New tech helps people of all ages stay social
Matt Fuchs is the editor-in-chief of Leaps.org and Making Sense of Science. He is also a contributing reporter to the Washington Post and has written for the New York Times, Time Magazine, WIRED and the Washington Post Magazine, among other outlets. Follow him @fuchswriter.
In March, Sonja Bauman, 39, used an online platform called Papa, which offers “family on demand,” to meet Mariela Florez, an 83-year-old retiree. Despite living with her adult children, Florez was bored and lonely when they left for work, and her recoveries from a stroke and broken hip were going slowly. That's when Bauman began visiting twice per week. They take walks, strengthening Florez’s hip, and play games like Connect Four for mental stimulation. “It’s very important for me so I don’t feel lonely all day long,” said Florez. Her memories, blurred by the stroke, are gradually returning.
Papa is one of a growing number of tech approaches that are bringing together people of all ages.

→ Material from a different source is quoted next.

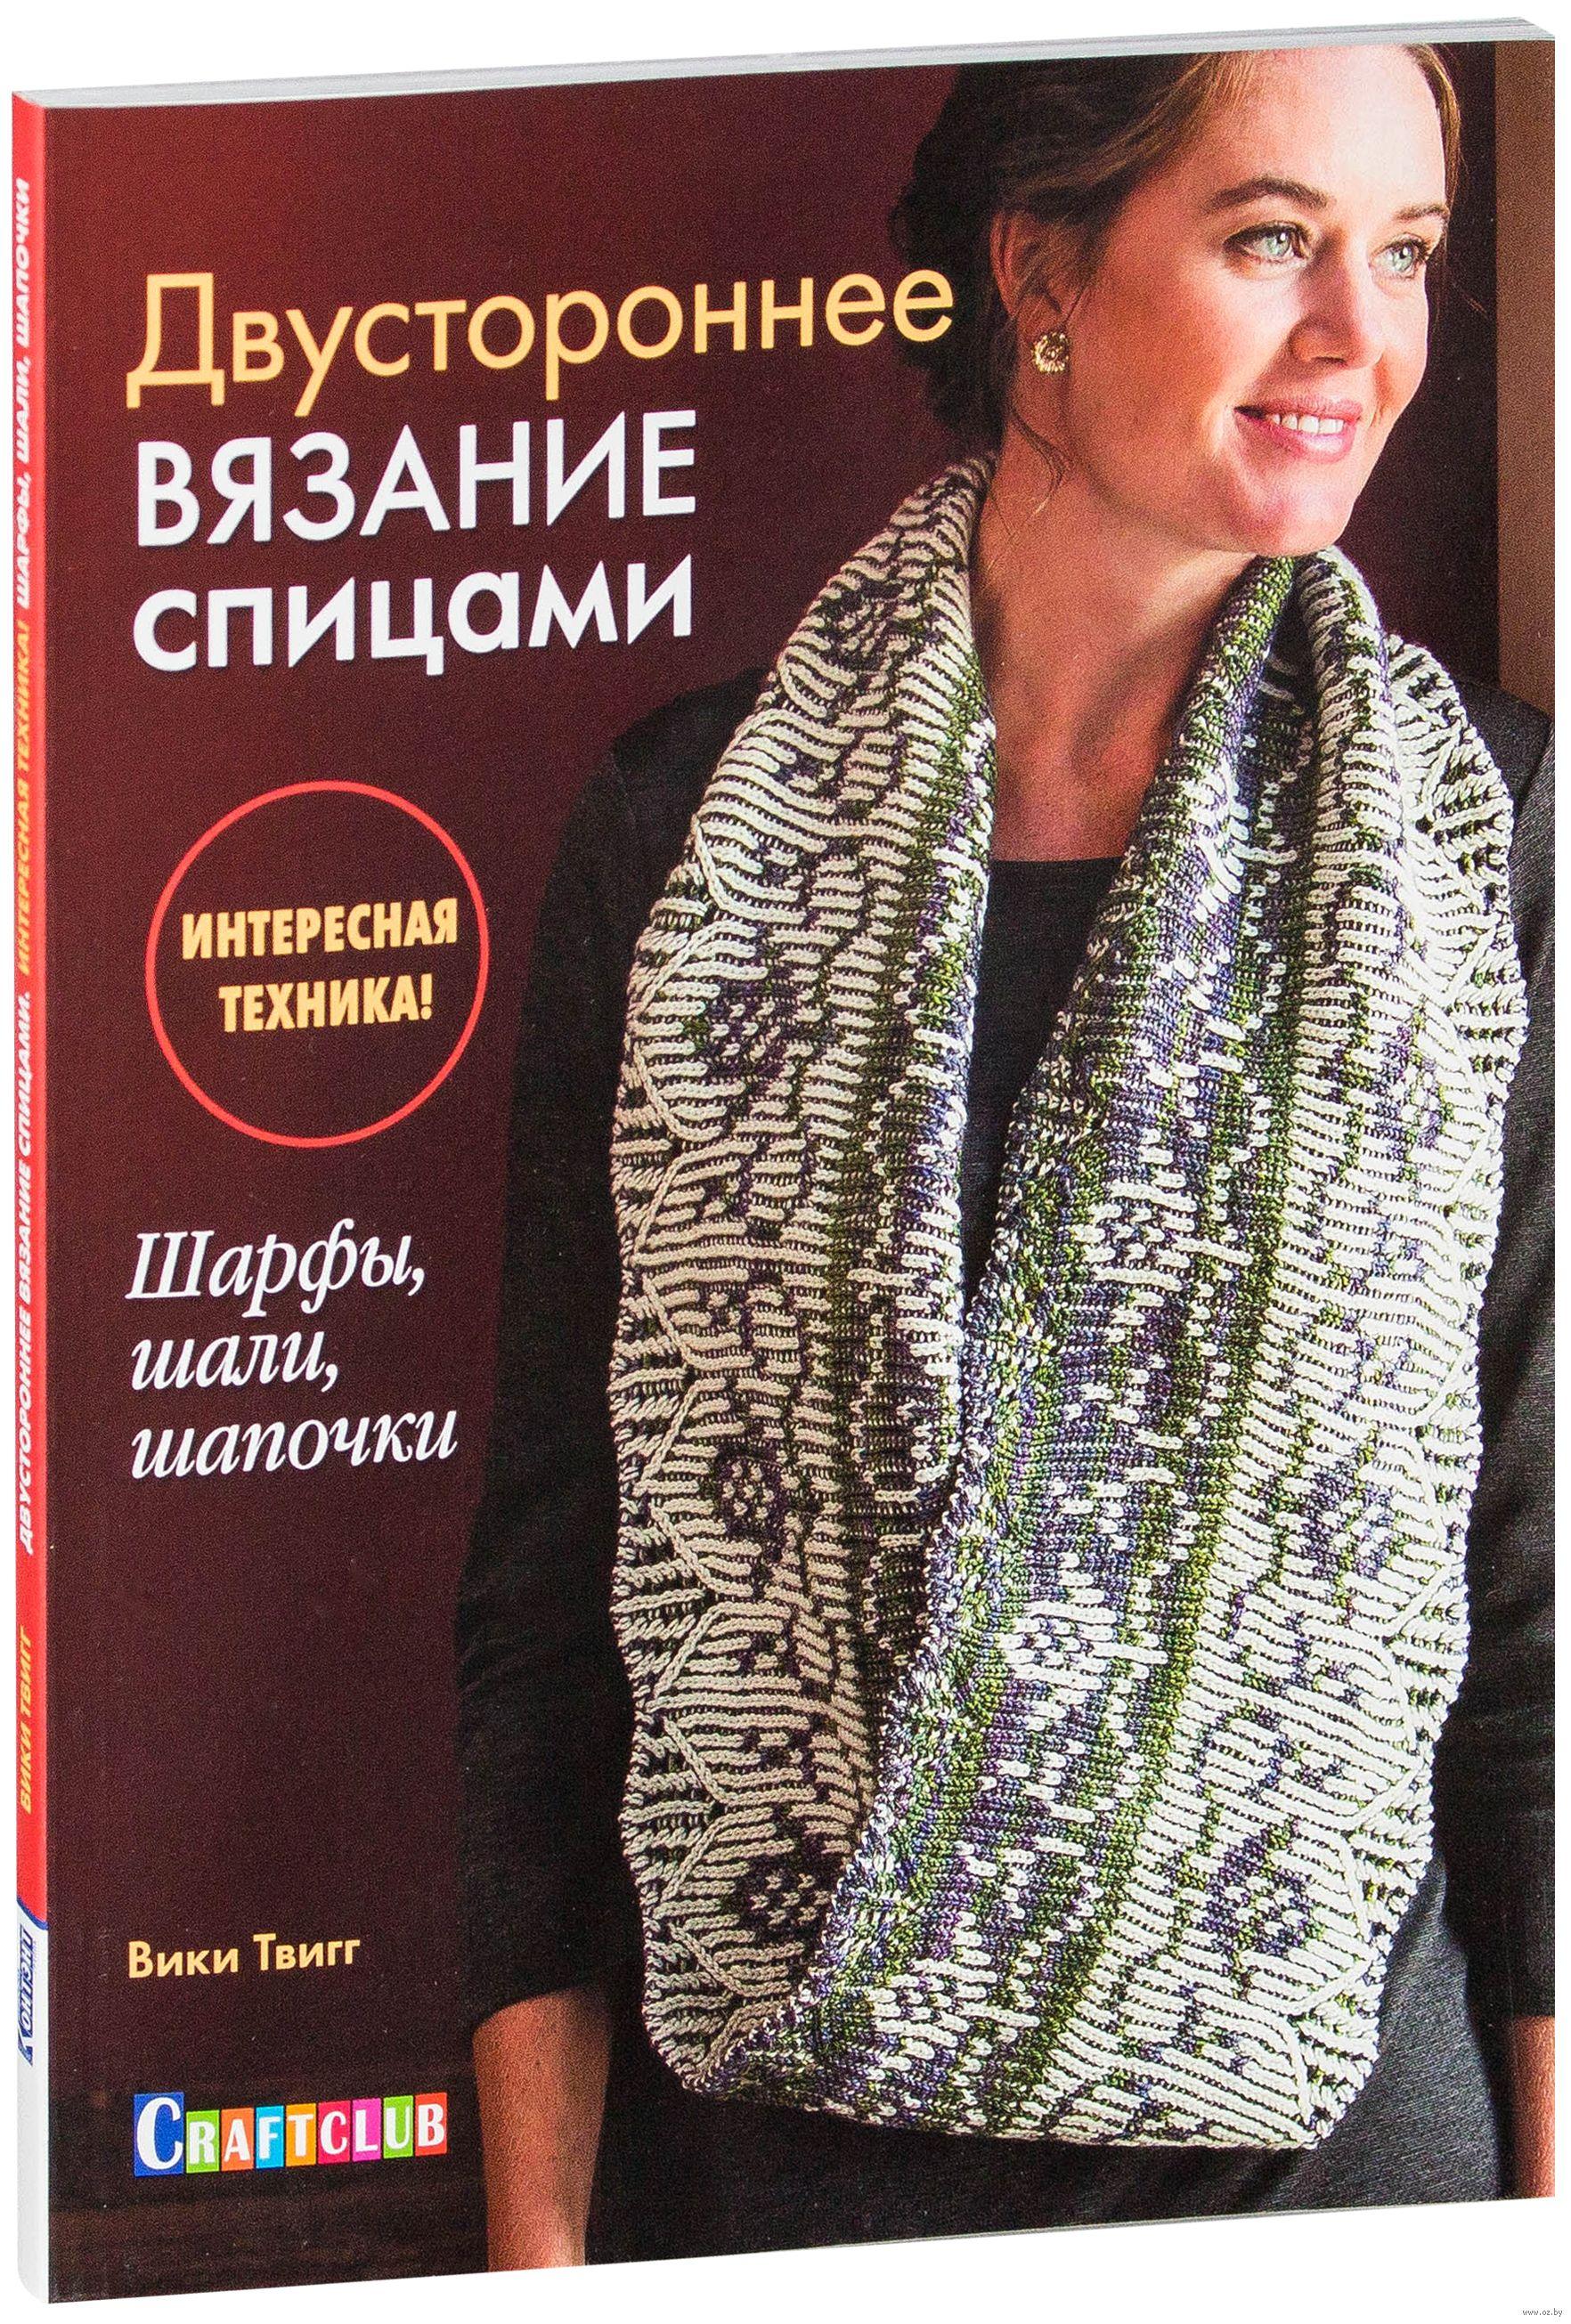 двустороннее вязание спицами интересная техника шарфы шали

In addition to platforms like Papa that connect people in real life, other startups use virtual reality and video, with some of them focusing especially on deepening social connections between the generations — relationships that support the health of older and younger people alike. “I enjoy seeing Mariela as much as she enjoys seeing me,” Bauman said.
Connecting in real life
Telehealth expert Andrew Parker founded Papa in 2017 to improve the health outcomes of older adults and families. Seniors can meet people — some their grandkids’ age — for healthy activities, while working parents find retirees to watch their children. These “Papa Pals” are provided as a benefit through Medicare, Medicaid and some employer health plans.

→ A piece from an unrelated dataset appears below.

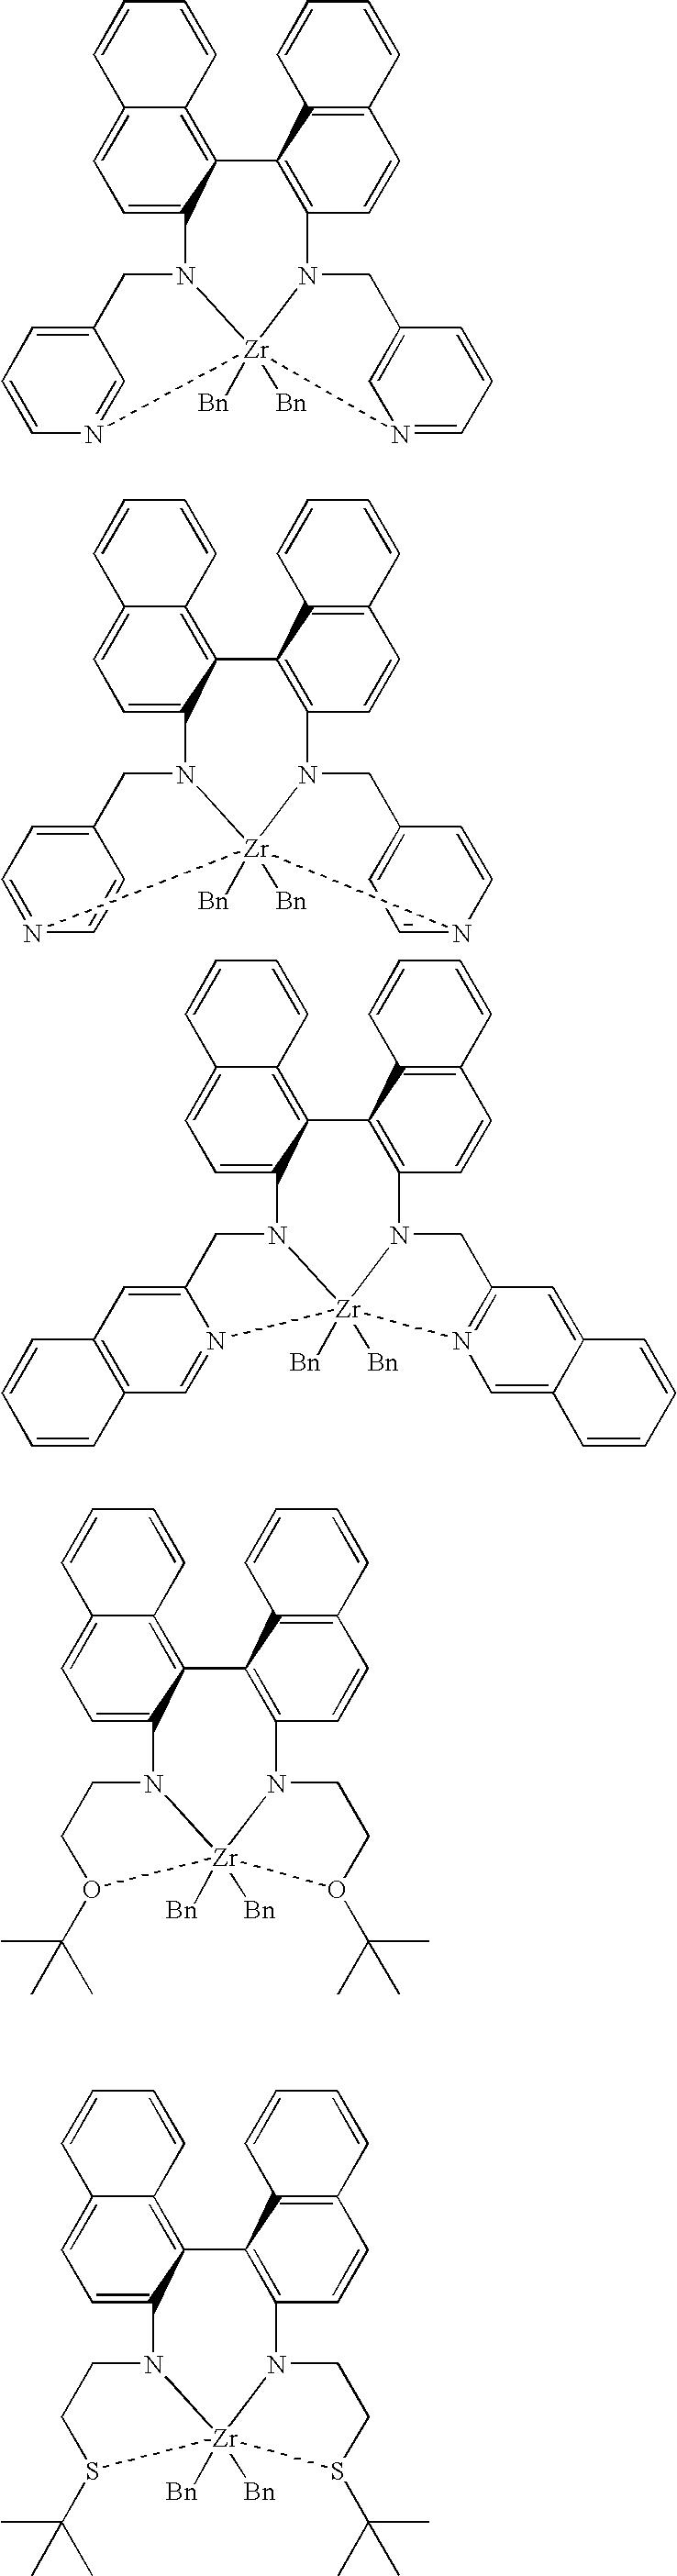 Figure US20060135352A1-20060622-C00020

In 2020, Papa connected Bauman, the 39-year-old Floridian, with another woman in her mid-70s who lives alone and has very limited mobility. Bauman began driving her to doctor’s appointments and helping her with chores around the house. “When I’m not there, she doesn’t leave her apartment,” said Bauman. The two have gone to the gym together, and they walk slowly through the neighborhood, chatting so it feels less like exercise.
Parker was driven to start Papa by the problem of social isolation among seniors, exacerbated by the pandemic, but he believes users of all ages can benefit. “Many of our Pals feel more comfortable opening up with older members than their same-aged friends,” he said.

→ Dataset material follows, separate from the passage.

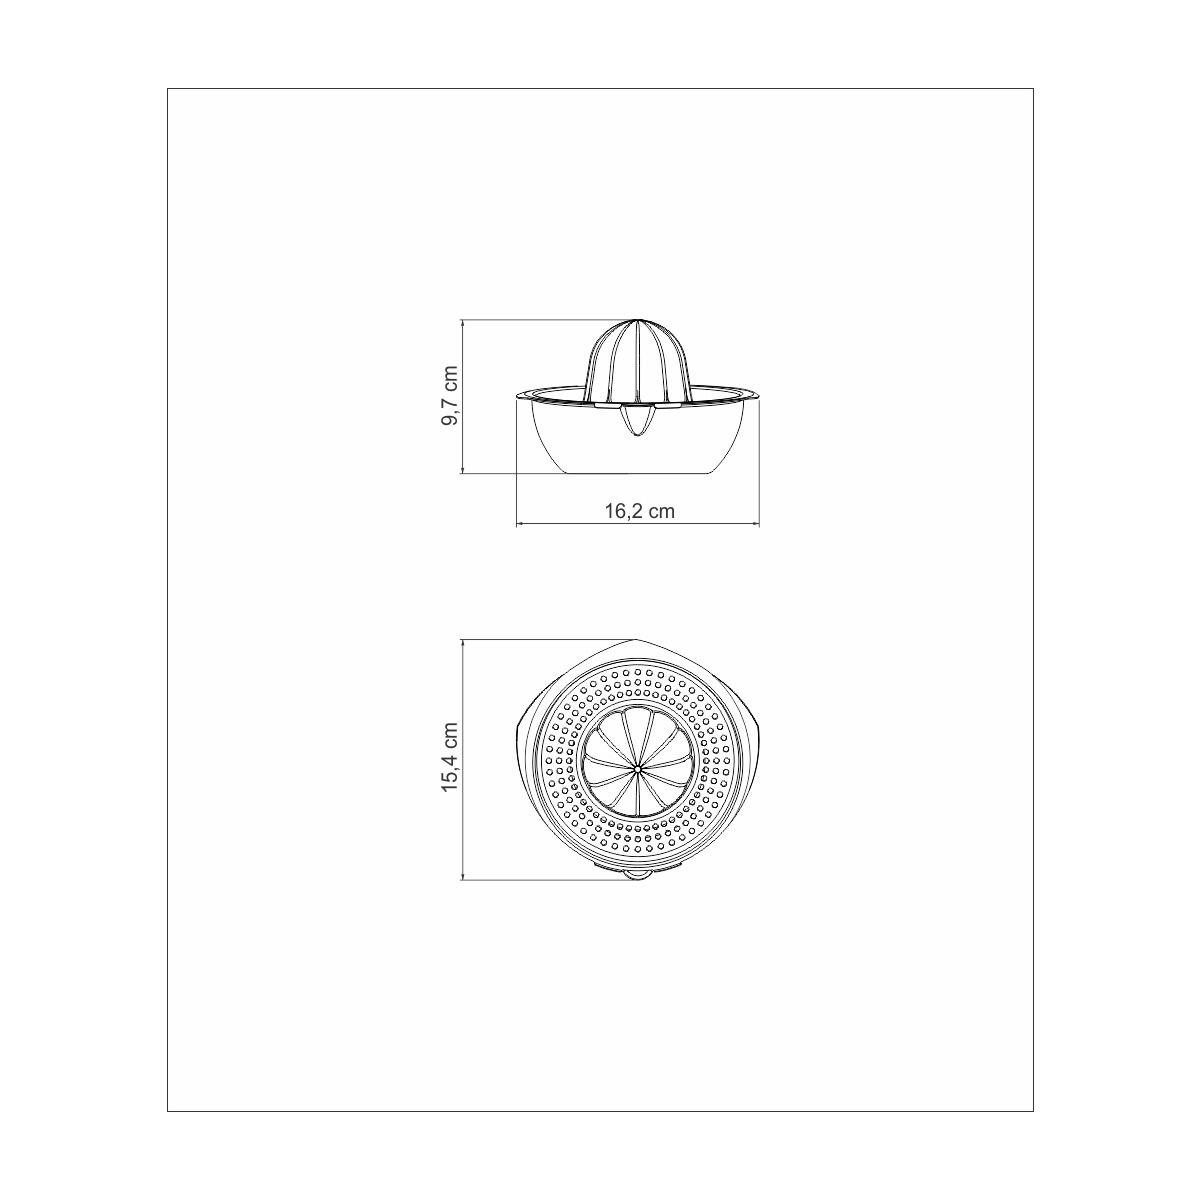 Espremedor de Frutas Tramontina Utility em Aço Inox 61107/140 | Lojas Estrela

Other platforms aim for similar, in-person connections. Generation Tech unites teens with seniors for technology training. And Mon Ami, which provides case management software for aging and disability service providers, has an app that connects isolated older people with college-age volunteers.
Making new connections through video
Several new sites match you with strangers for real-time video chatting on various topics, such as finding common ground on political issues. Other video platforms focus on intergenerational connections.
S. Jay Olshansky, a gerontology professor at the University of Illinois-Chicago, recalls the first time he saw Hyunseung Lee, an 11-year-old from Seoul, through his computer screen. The kid was shy, but Olshansky, 67, encouraged him to ask questions. “Turns out, he was thirsting for this kind of interaction.”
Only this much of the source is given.